La législation de prêt immobilier

législation immobilière

Les crédits ou prêts immobiliers sont soumis à une législation très stricte afin de protéger les droits de l’emprunteur. Le code de la consommation régit la protection du consommateur en matière de crédit en se référant à deux lois Scrivener (modifiées par la loi Lagarde), puis, par la loi Hamon. Pour plus de détails, notre équipe d’experts vous a collecté les informations nécessaires.

Dans quels domaines ?

La législation sur les prêts immobiliers est dédiée à tous les prêts, quelle que soit leur forme, concernant les opérations suivantes :

  • achat de la propriété ou de la jouissance d’un immeuble d’habitation ou à usage mixte,
  • dépenses relatives à leur réparation, leur amélioration ou leur entretien lorsque le montant du crédit est supérieur à 75 000 euros,
  • dépenses relatives à leur construction.
  • L’achat doit être réalisé par une personne, physique ou morale, hors de son activité professionnelle.

La publicité

Tout support de publicitaire est censé mentionner les caractéristiques principales du prêt, c’est à dire l’identité du prêteur, les modalités de financement offertes, le coût total et le taux effectif global, assurances comprises. Elle doit également préciser le délai de réflexion de dix jours garanti au demandeur avant l’acceptation définitive.

L’offre de prêt

L’établissement financier doit accorder au demandeur et aux éventuelles cautions une offre préalable de prêt où il lui mentionne l’ensemble des caractéristiques telles que l’identité des parties, la nature, l’objet et les modalités du prêt et de la mise à disposition des fonds, le tableau de remboursement distinguant capital et intérêts, les exigences en matière d’assurance et de sûretés (hypothèques, etc.), les modalités de transfert à une tierce personne, ainsi que les frais éventuellement retenus si l’acquisition en question ne se réalise pas. Si l’emprunteur ne respecte pas ces dispositions il sera soumis à une amende, à la nullité du contrat ou encore à la perte de son droit d’intérêts. Une période minimale de trente jours à partir de la réception du demandeur maintenant les conditions de son offre est accordée à l’emprunteur.

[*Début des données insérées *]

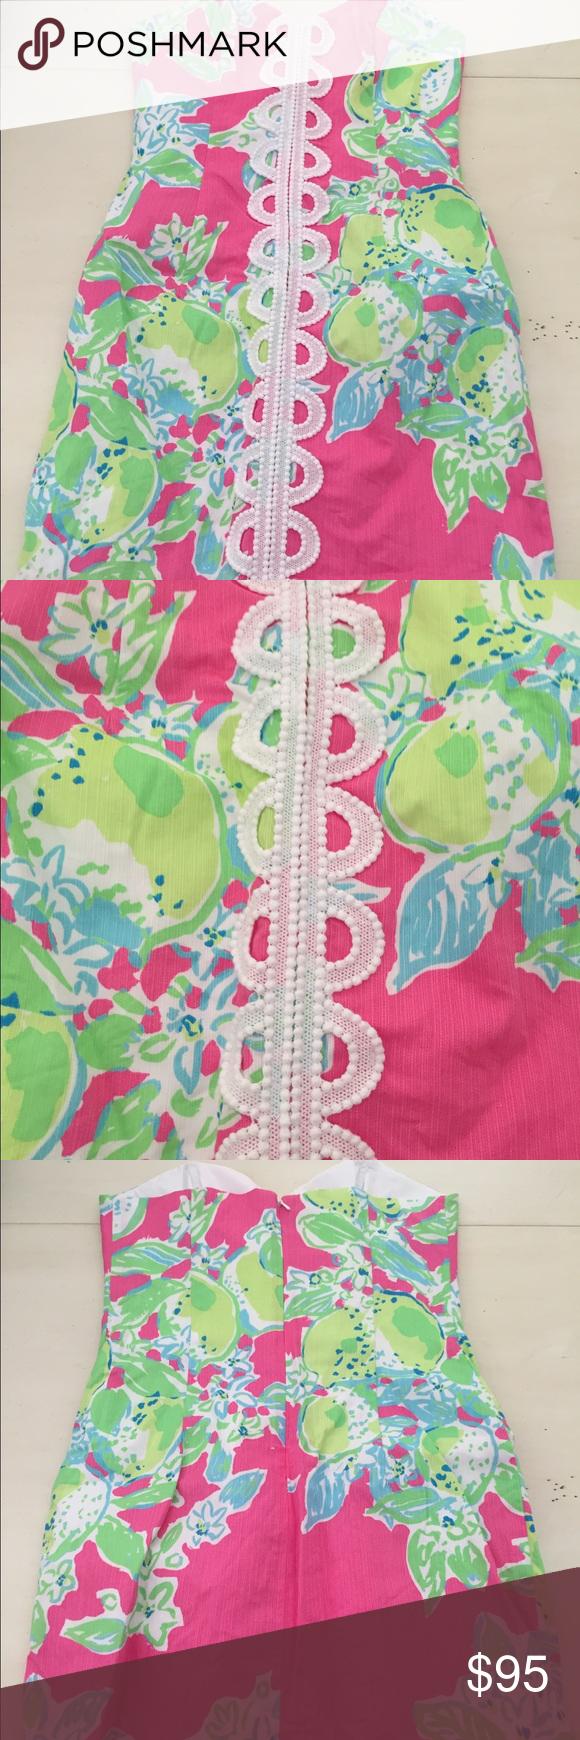 Lily strapless dress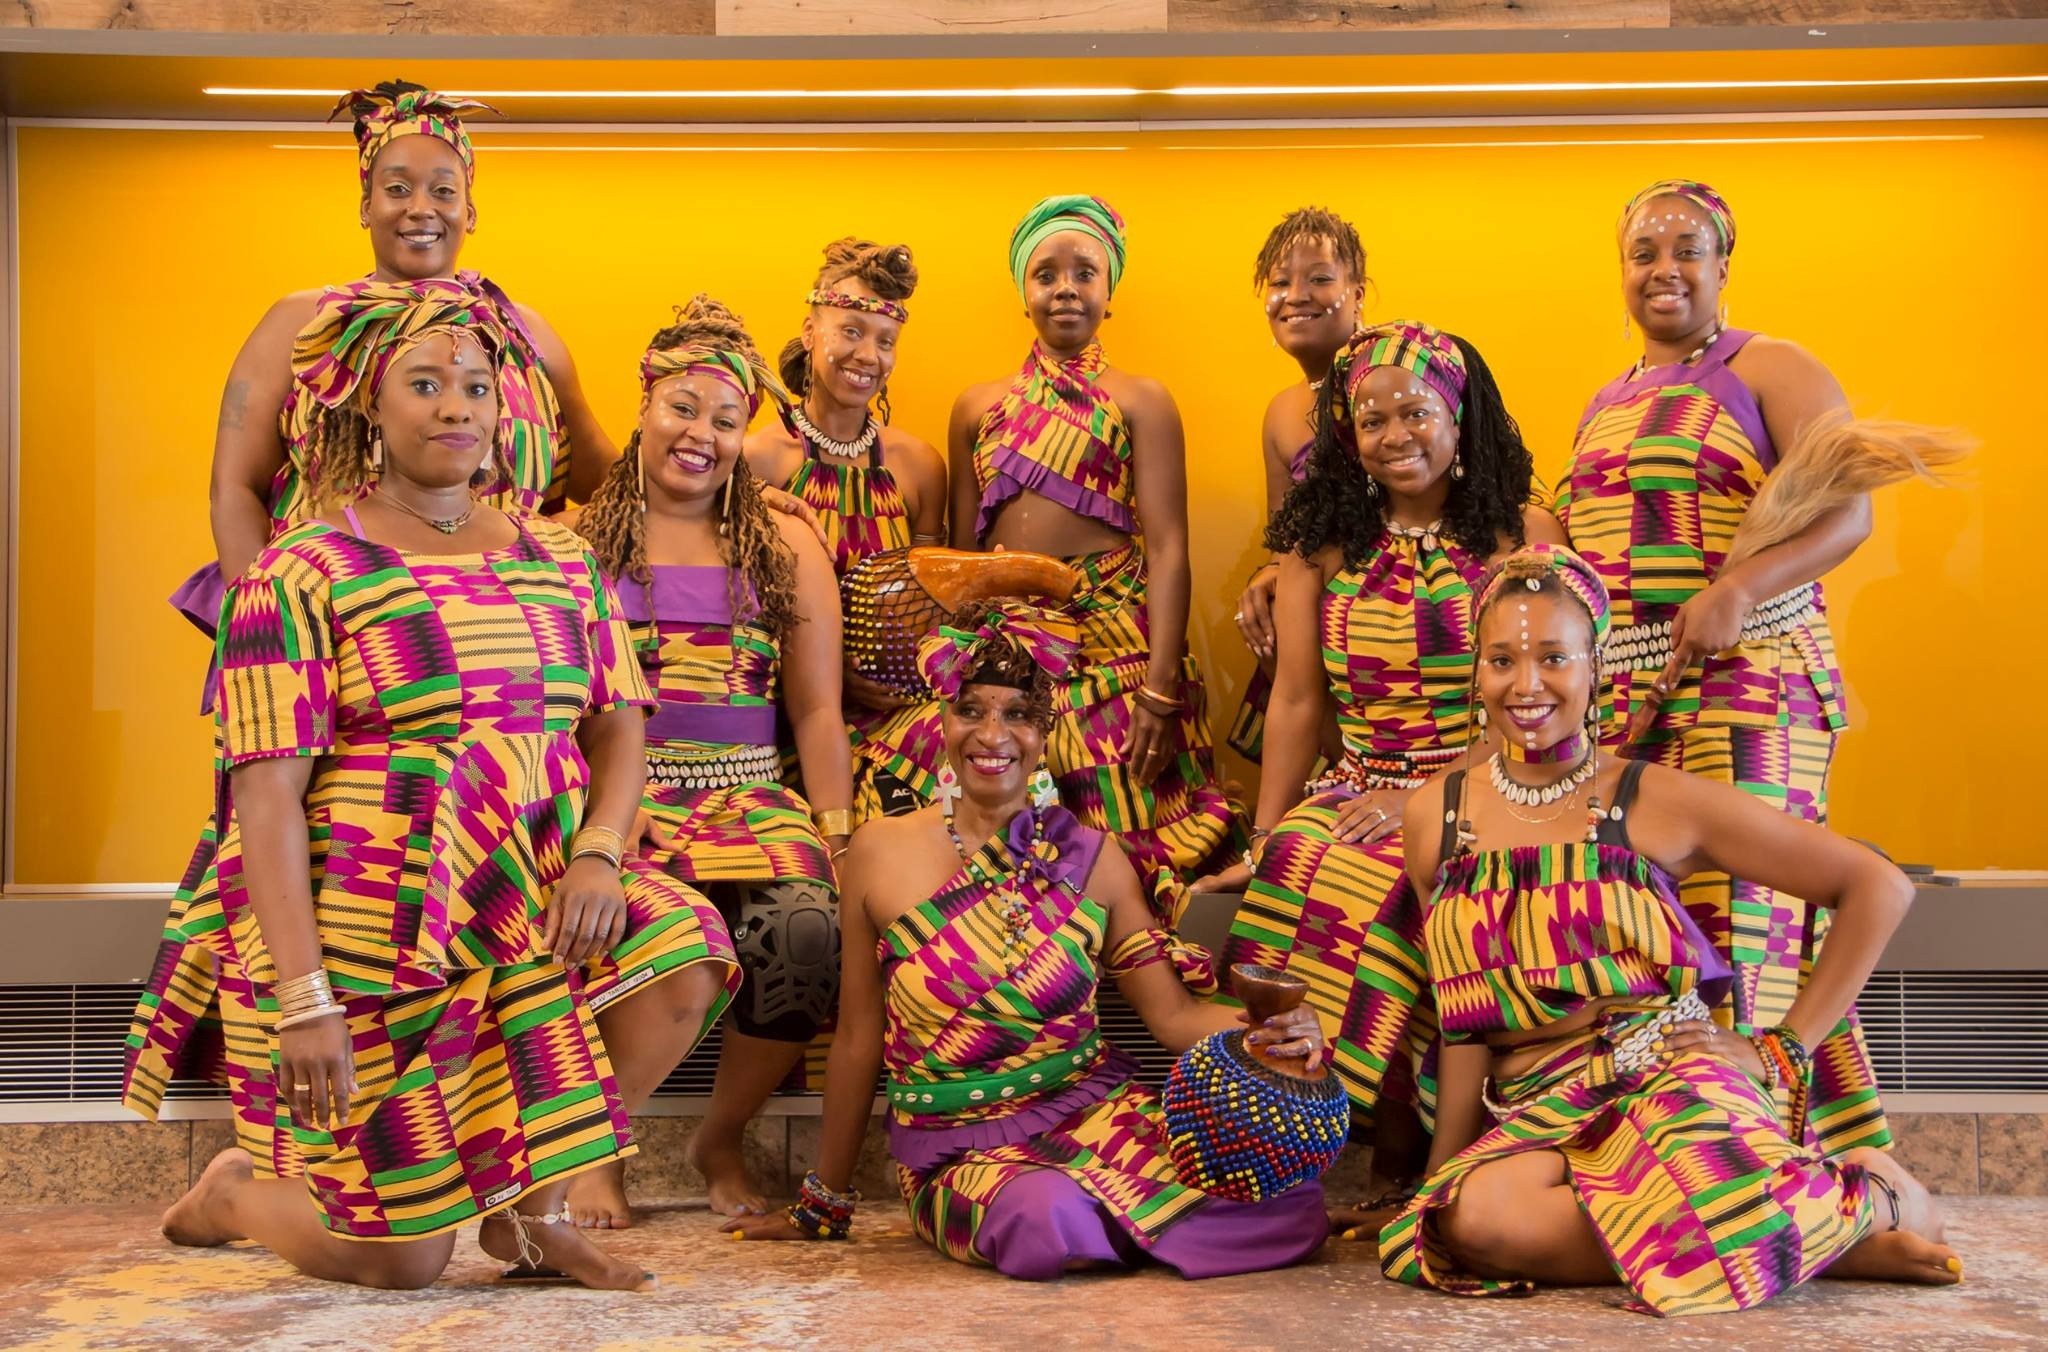 Otesha African Dancers by Larente Hamlin

La banque n’a pas le droit d’obliger l’emprunteur à adhérer à ses contrats d’assurance de groupe, ni remettre en cause son choix. Il est libre d’opter à l’assureur qu’il veut sans contraintes.

Refus de prêt

Si l’emprunteur demande plusieurs prêts pour financer son opération, la non-obtention d’un prêt n’implique pas l’annulation des autres. Ceci s’applique dans le cas où le prêt non obtenu représente au moins 10% du montant total de l’opération.

L’acquéreur qui n’obtient pas son financement dans le délai prévu dans l’avant-contrat (au minimum un mois) est censé récupérer l’intégralité de l’acompte déjà versé. Cette condition suspensive doit obligatoirement être mentionnée dans l’avant-contrat.

L’assurance de l’emprunteur

Plusieurs prêteurs demandent une assurance garantissant l’emprunteur contre certains risques (décès, invalidité, voire chômage). Si l’assureur refuse son agrément en raison du profil du demandeur, celui-ci peut demander l’annulation du prêt dans le délai d’un mois.